By Jnana Hodson
Something of a tattoo remains
an outlaw initiation. Your rose
is no rose crossing distress.
My snookums peruses my journal
pages more often than I do
no matter how intently
I set them off-limits.
Despite her lovely torso, she dreads
thighs that may fatten. Ignores
robust-legged lithographs incarnating
Mediterranean provocations.
Sometimes enormous limbs
thrust contemptuous dancers
into my embrace. Other times,
beyond any grasping. More often,
I wobble as if drinking deep into night.
Still, I wonder why she refuses to see
where shes inked herself on my parts.
Born in Dayton, Ohio, and a graduate of Indiana
University, I continue in the tradition of spiritual renaming, which may
be seen in both Biblical and Native-American examples.

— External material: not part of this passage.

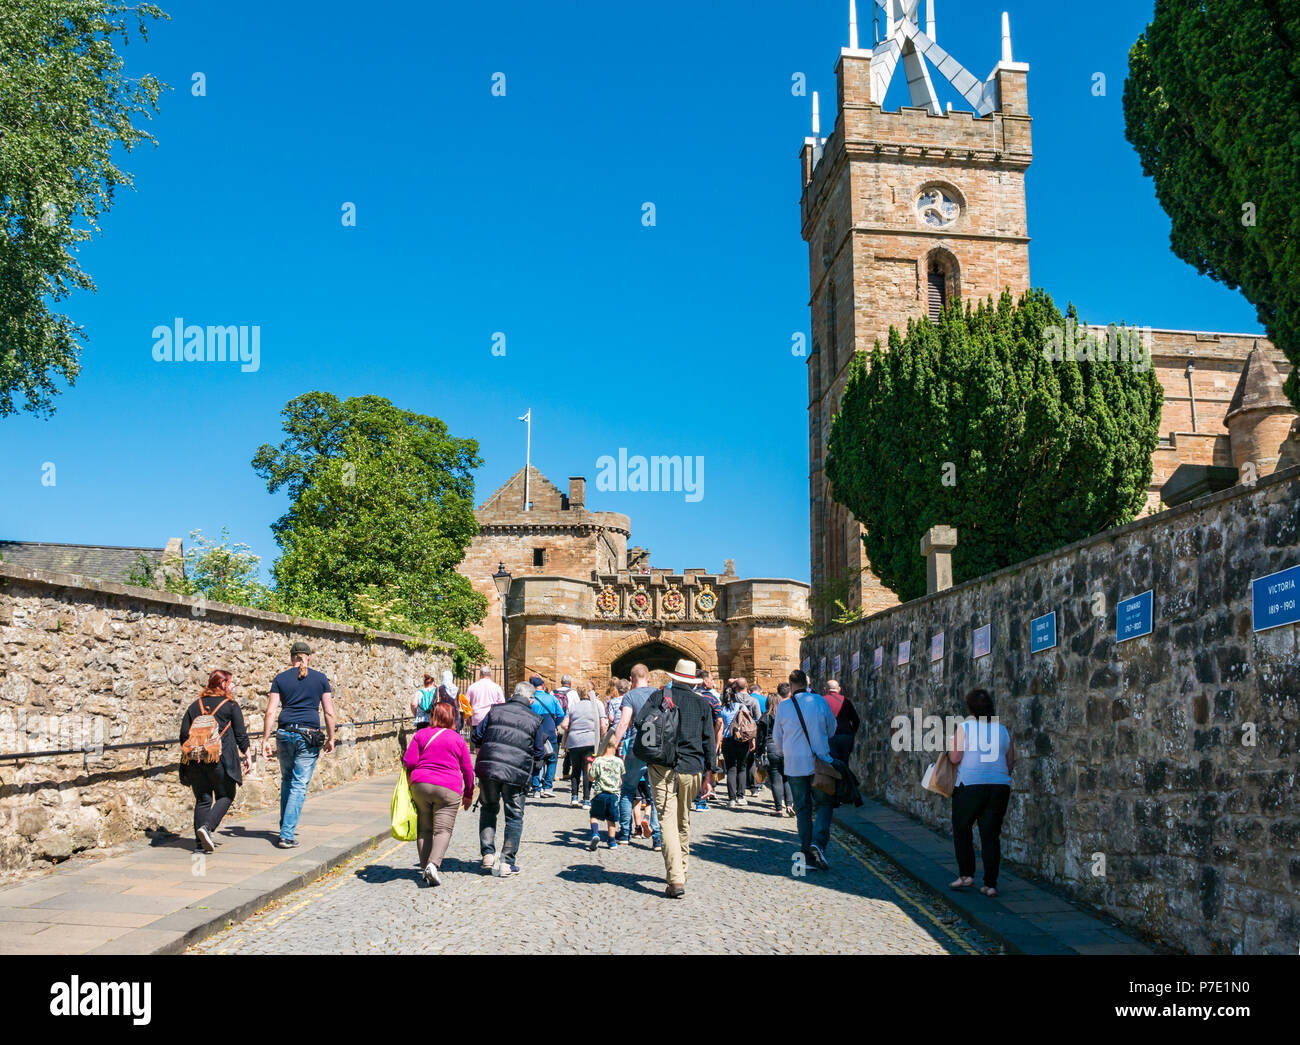 La folla di gente che passeggia nella porta d'ingresso su intrattenimento estivo giostre giornata con cielo blu a Linlithgow Palace, West Lothian, Scozia, Regno Unito Foto Stock
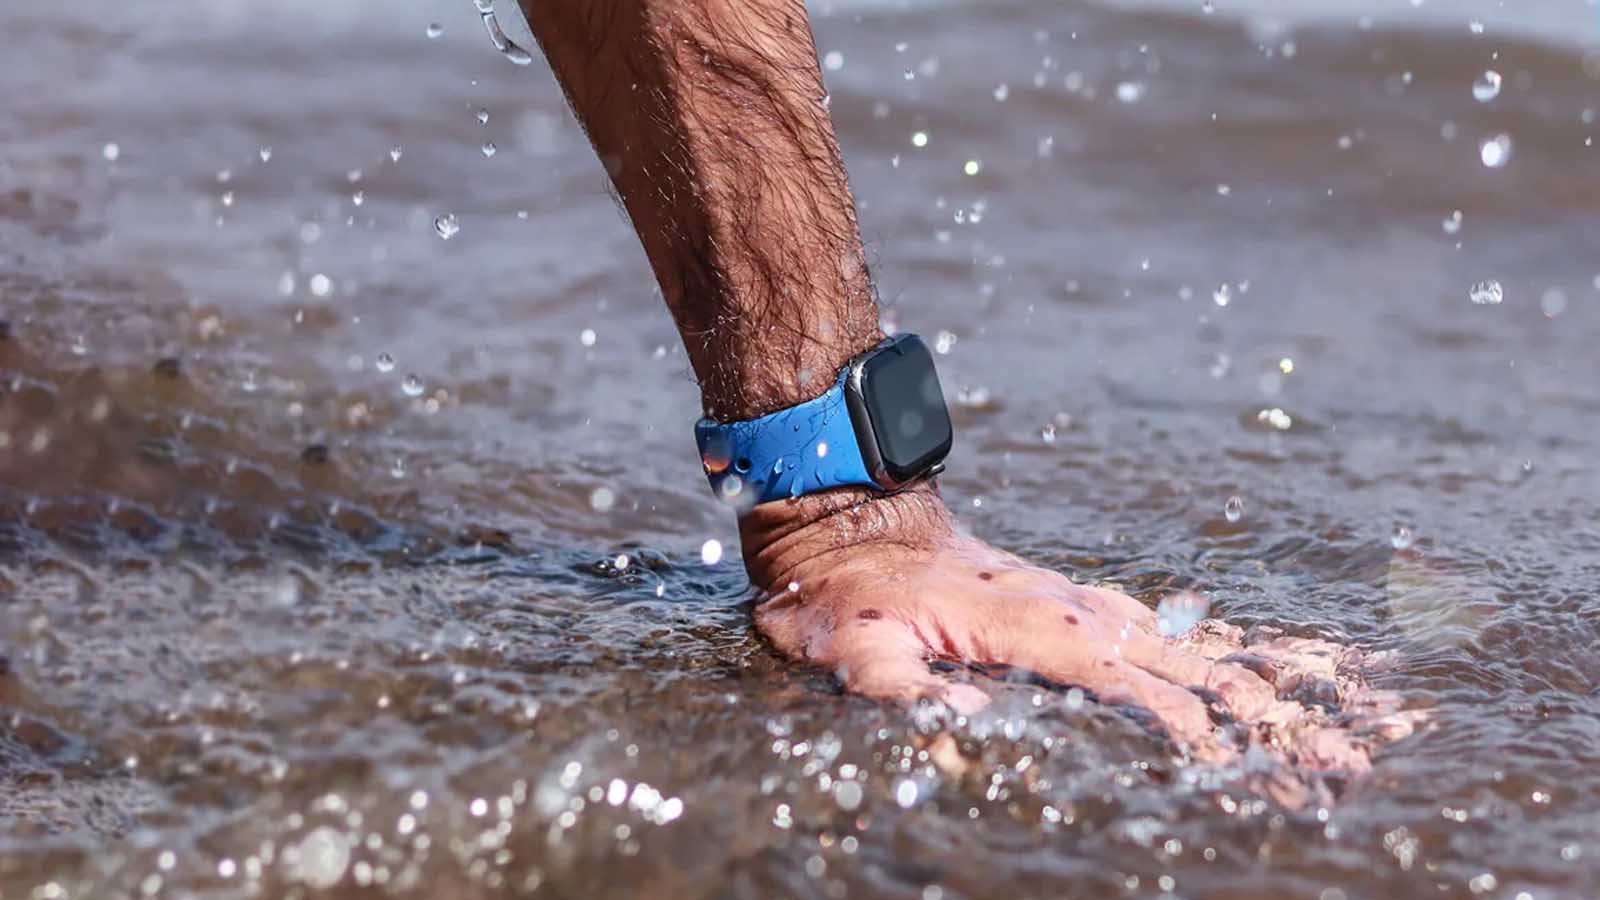 بهترین ساعت هوشمند ضد آب

In my case, the
name Jnana (commonly pronounced Ja-NAN-a, Sanskrit for the path of intellect
or discernment) was bestowed when I dwelled in a Yoga ashram in eastern
Pennsylvania.
As a professional journalist, Ive also
resided in Upstate New York, in two additional quarters of Ohio, in desert-expanse
orchards of Washington State, in the Mississippi River ribbon of eastern
Iowa, in the harbor city of Baltimore, and finally in former textile-mill
towns of New Hampshire.
All along, my writing has grown out of spiritual
exploration. Often, seeking the unique cadence of each place Ive
dwelled. At other times, delving headlong into confrontations and paradoxes
that entangle present-day romance, sexual attraction, and intimacy. Not
infrequently, as mythology has long demonstrated, landscapes and loving
overlap.
Experimentation - a desire to discover, by trial
and error, structures and language to synthesize the details I employ
- is a central concern in much of my poetry.